Data extract:
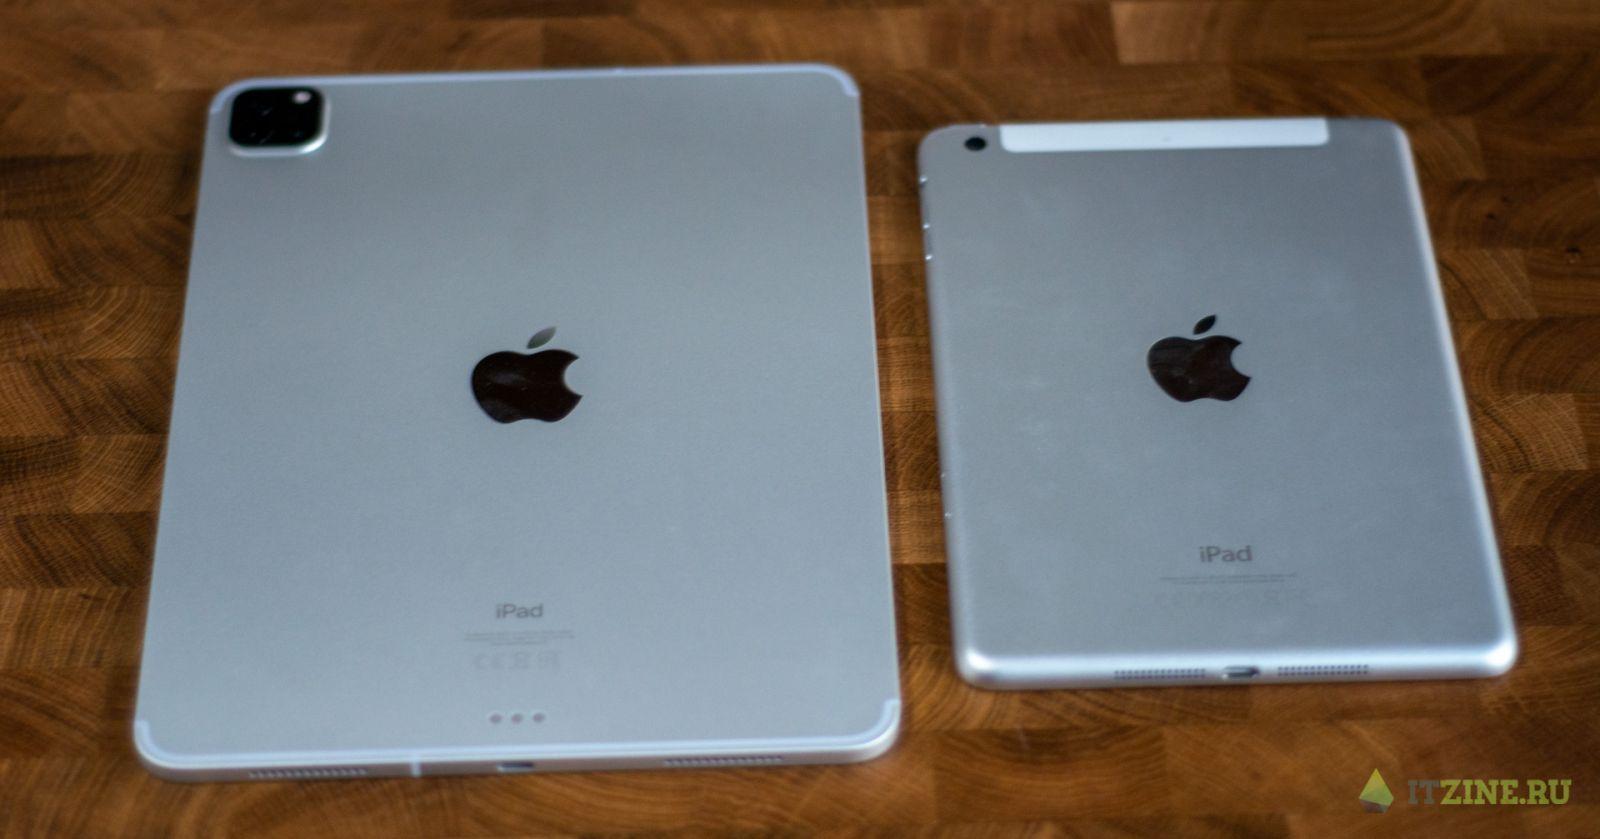 Дизайнерский рай. Обзор Apple iPad Pro 2020 + Apple Pencil + Magic Keyboard (dsc 8900)
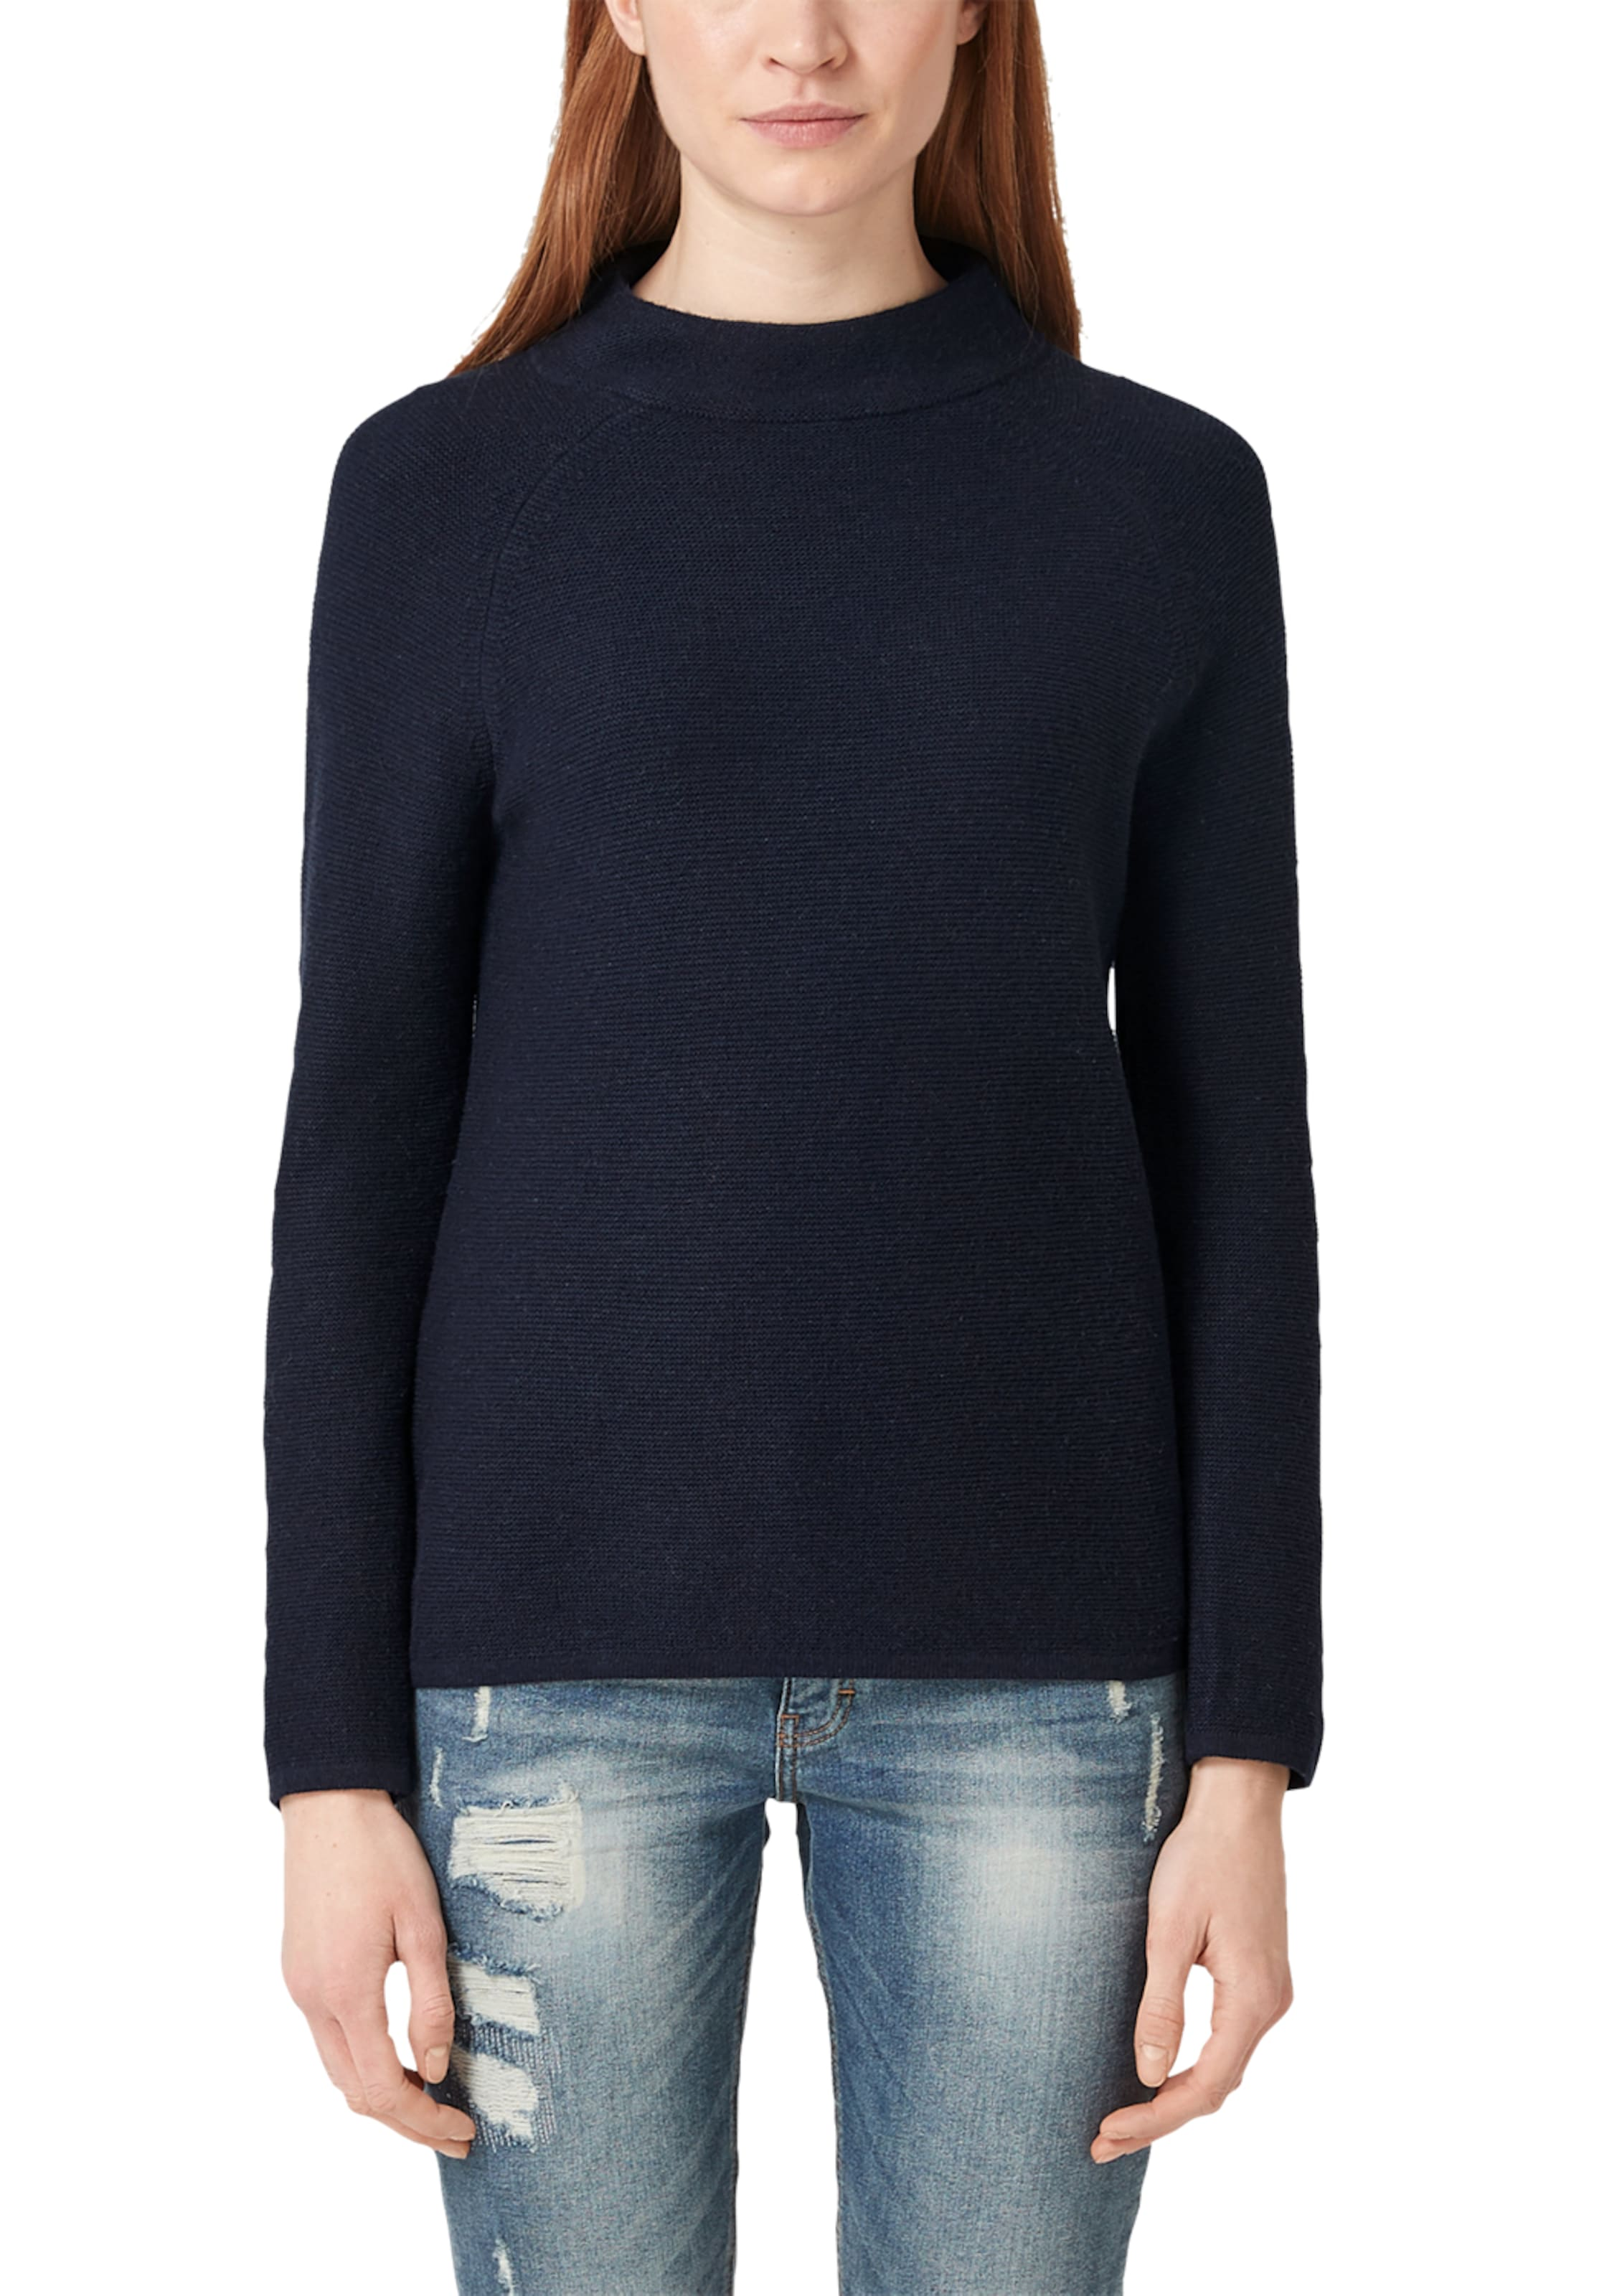 In S oliver S oliver Pullover Nachtblau pSUMVz
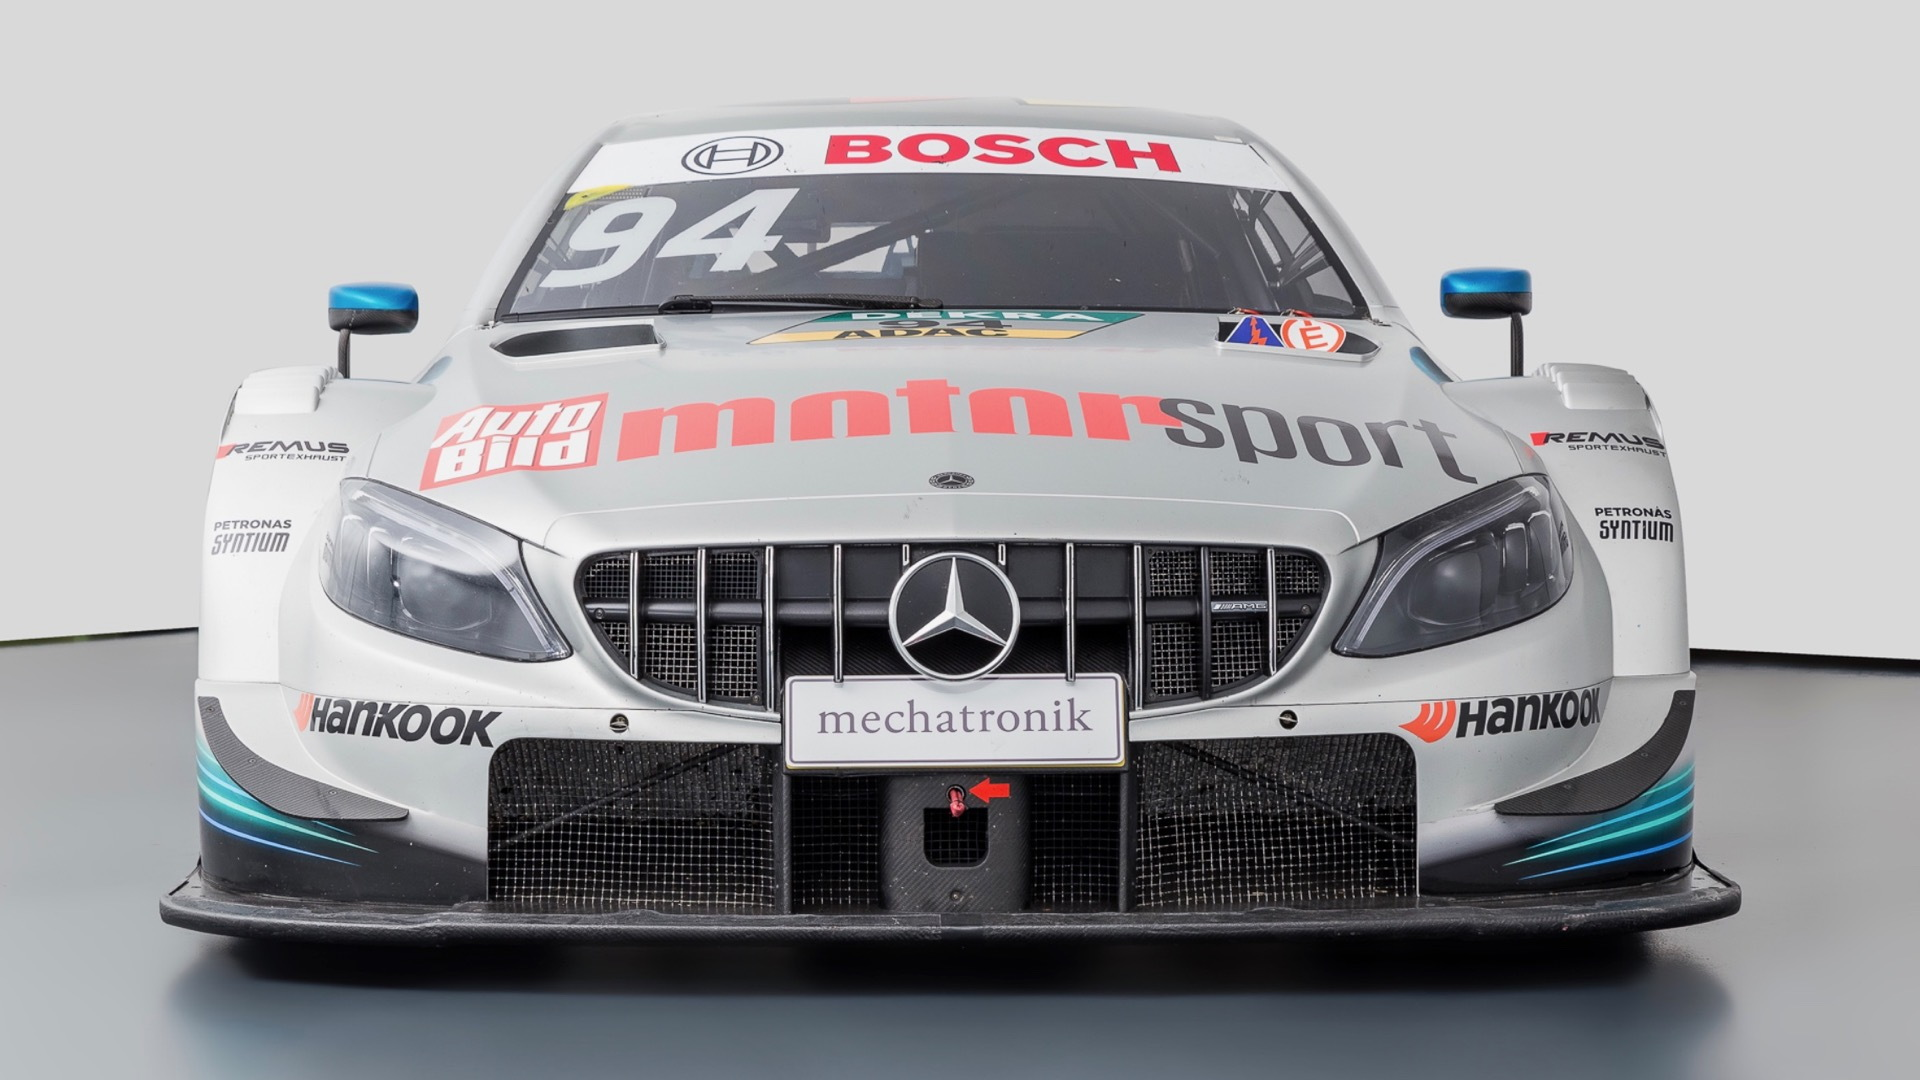 2014 Mercedes-Benz C63 AMG DTM race car (photo via Mechatronik)

What you should do:
All of the data must be given again exactly, without the pictures.

Solution:
 Дизайнерский рай. Обзор Apple iPad Pro 2020 + Apple Pencil + Magic Keyboard (dsc 8900)
 In S oliver S oliver Pullover Nachtblau pSUMVz
 2014 Mercedes-Benz C63 AMG DTM race car (photo via Mechatronik)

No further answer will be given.